Forests and climate change

The destruction of forests adds almost 6 billion tons of carbon dioxide to the atmoshpere per year. To avoid the release of carbon stored in forests, therefore, not only forest destruction should be prevented but also afforestation actions should be undertaken in areas not covered by forests, which means planting new plants in areas where there have never been any and provide for reforestation, which implies planting trees in deforested areas. In tropical areas, vegetation grows much more rapidly and for this reason growth removes carbon from the atmosphere at a quicker pace. Planting trees in tropical forests can remove great carbon quantities from the atmoshpere in relatively short time.
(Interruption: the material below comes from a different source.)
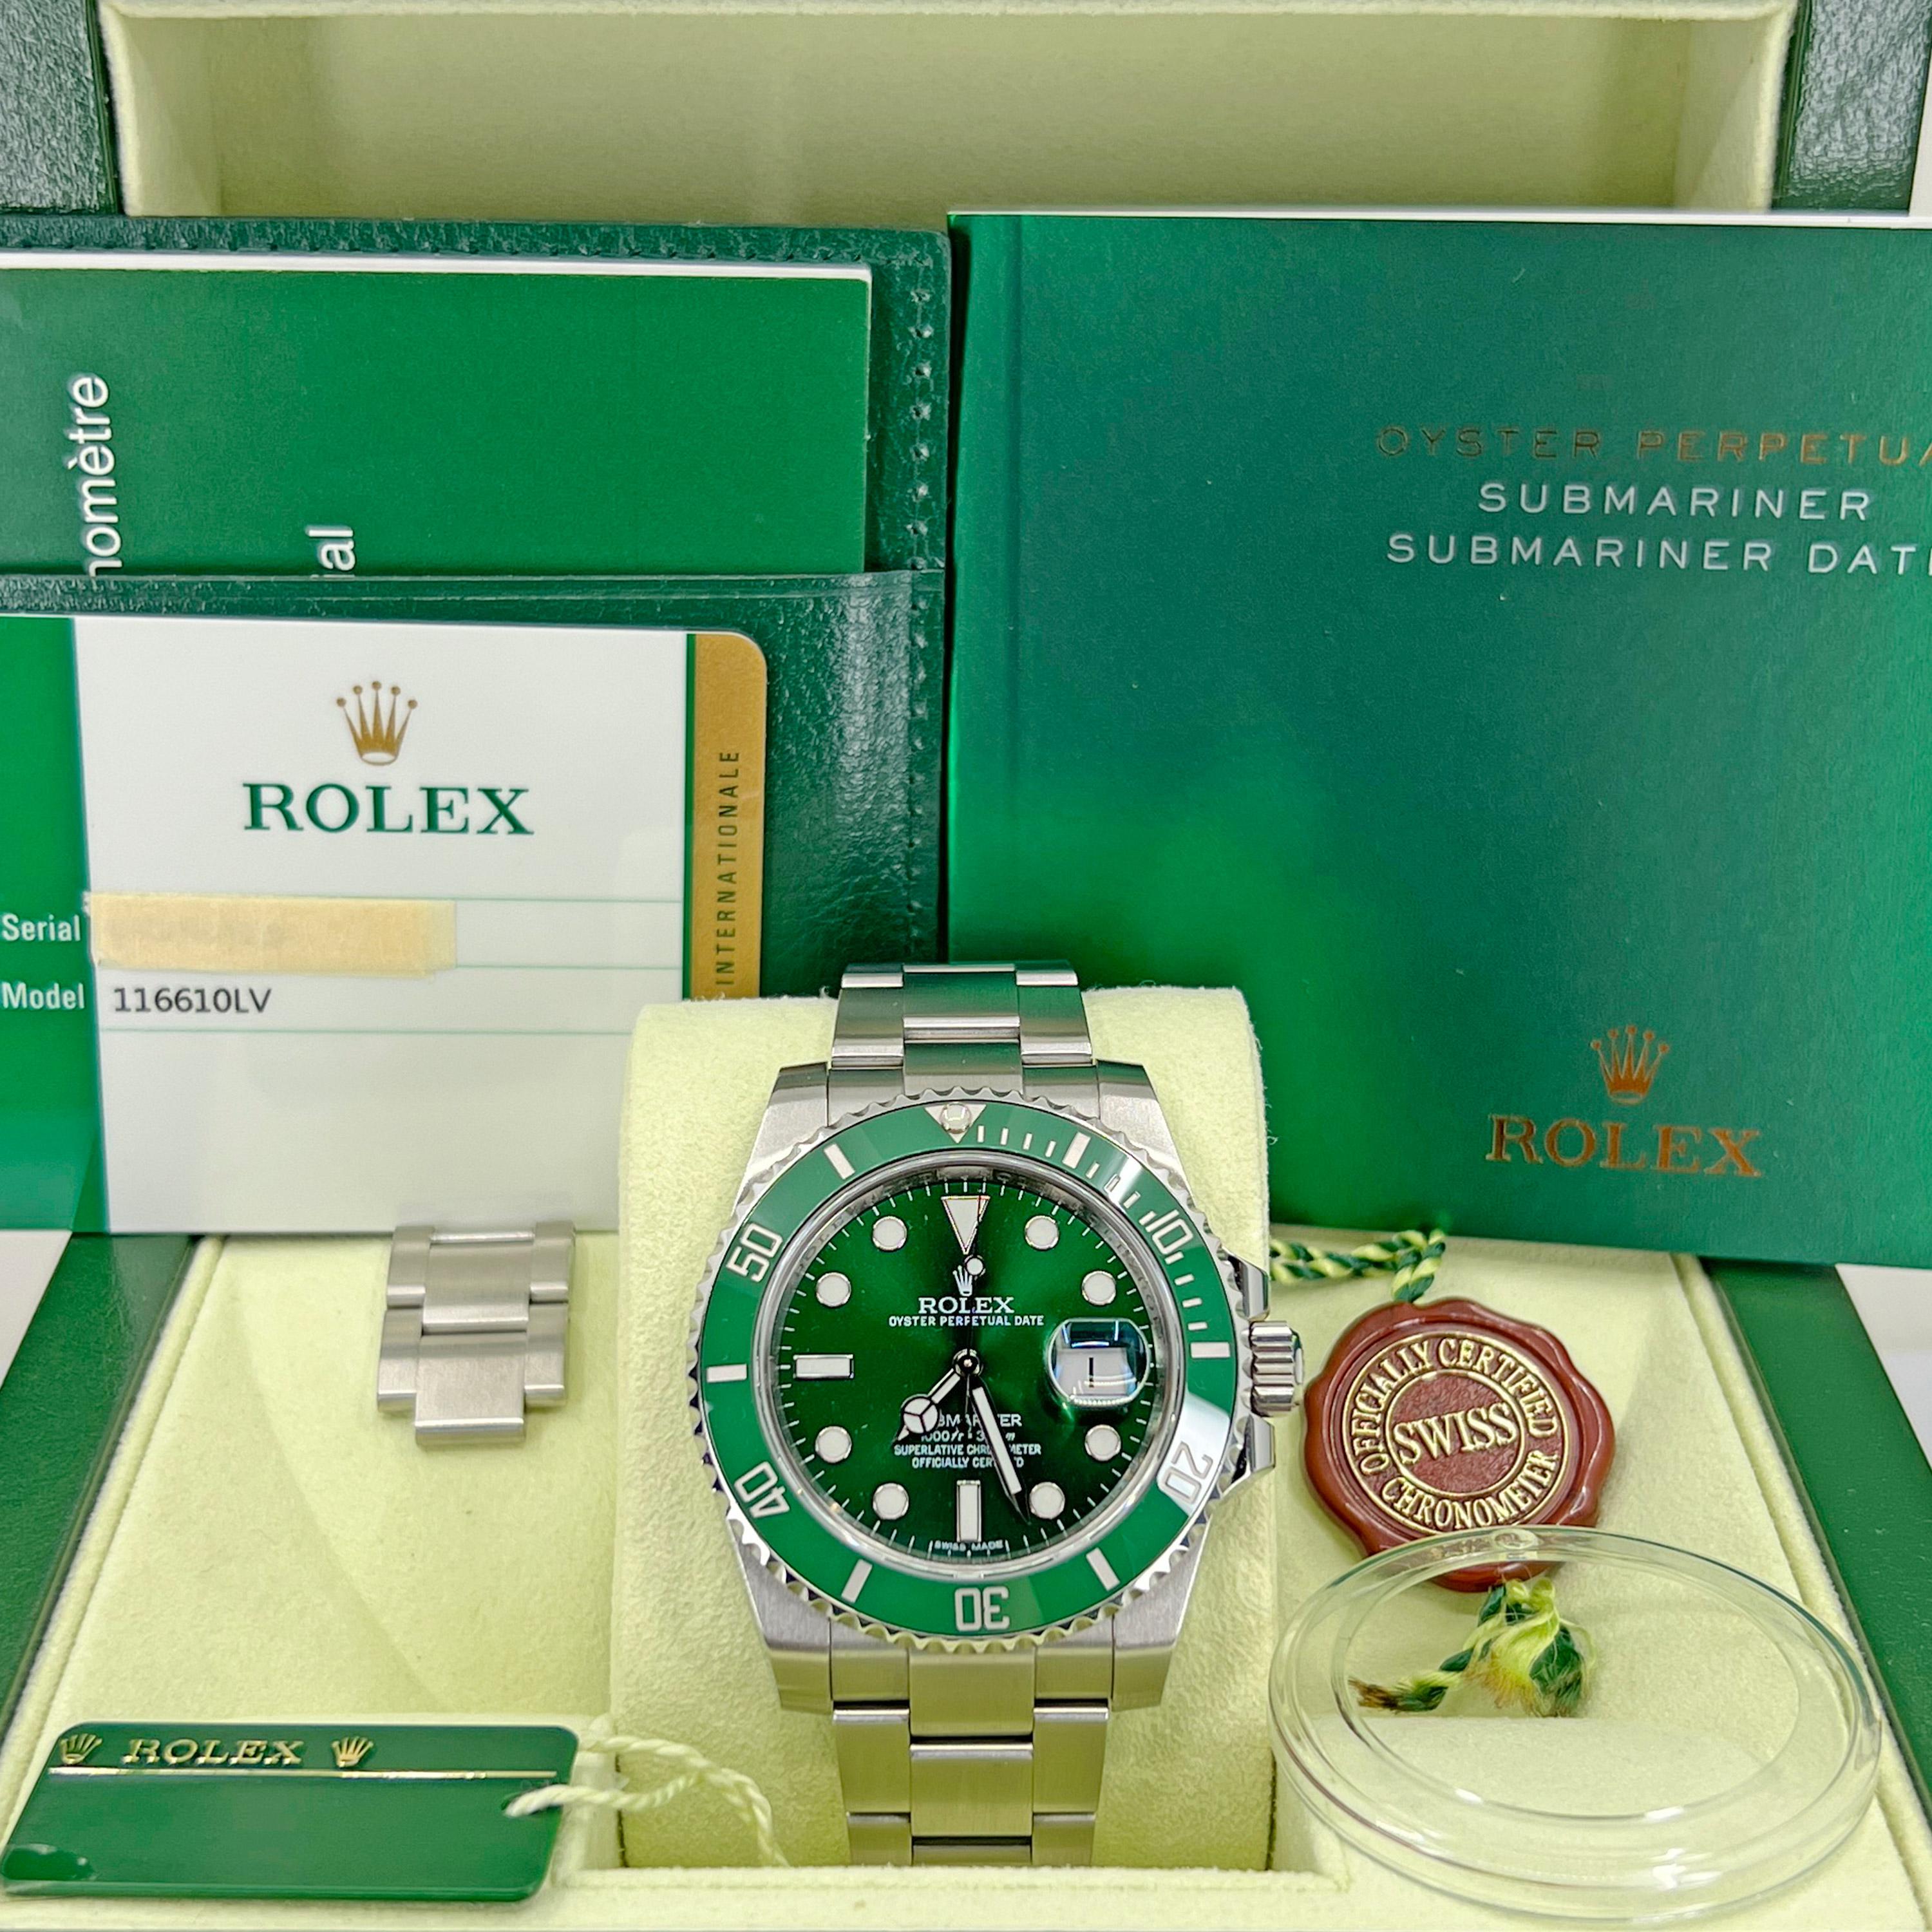 40 mm 904L stainless steel case, unidirectional rotatable Green Cerachrom time-lapse bezel, Green dial, Chromalight luminescent hands and hour markers, and Oyster Glidelock bracelet, clasp Folding Oysterlock safety clasp with Rolex Glidelock

Tropical forests can store in their biomass and wood up to 15 tons of carbon per hectare every year. According to a FAO report, lowering deforestation and increasing forest regrowth, agri-silviculture and forest settlements, over the coming 50 years could compensate around 15% of carbon emissions generated by fossil fuels. According to a 2011 NASA research, the Amazon forest plays an absolutely primary role for the environmental clean up to remove carbon from the atmosphere: 49% of the absorption of carbon dioxide occurs in the forests of Latin America. Brazil alone, provides for a storage of CO2 equivalent to almost 61 billion tons (almost equivalento to 62 million tons of CO2 stored in all of Sub-Saharan Africa). The forests of the 75 nations studied in the report, on the whole, contain 247 billion tons of CO2, an enormous value when considering that current global CO2 emissions caused by men are equivelaent to about 10 million tons of carbon dioxide. These figures clearly show the reason why deforestation is an incredibly serious phenomenon for the health status of the planet and can contribute to generate even from 15 to 20% of total emissions produced by men.
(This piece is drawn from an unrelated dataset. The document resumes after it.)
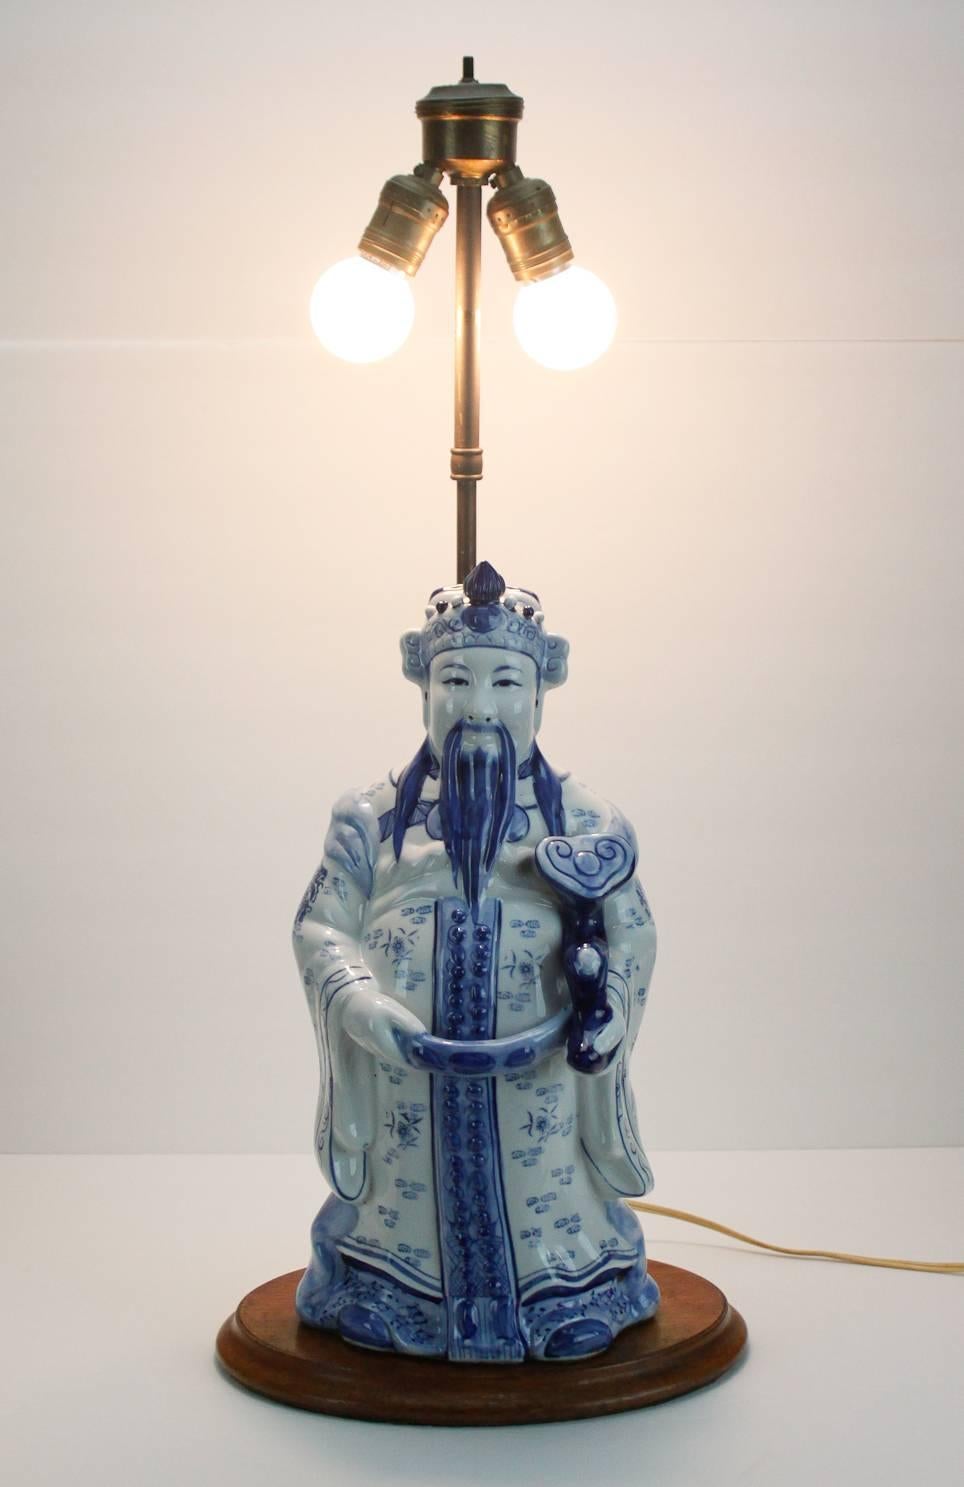 Vintage blue and white ceramic Chinese figural lamp. Lamp takes two light bulbs. In excellent vintage condition. Measures: Figure stands 16

Also timber, which is employed for buildings or furniture, is a carbon reservoir. Building materials used as an alternative to timber as plastic materials, aluminium and cement, require great quantity of fossil fuels for their processing. For this reason, substituting these building materials with timber and employing wood fuels as an alternative to petroleum, coal and natural gas effectively contributes to the reduction of carbon dioxide. Even if, during combustion, firewood and forest biomasses release stored carbon dioxide in the air, if they come from forests which are managed sustainably, emissions can be compensated by reforestation.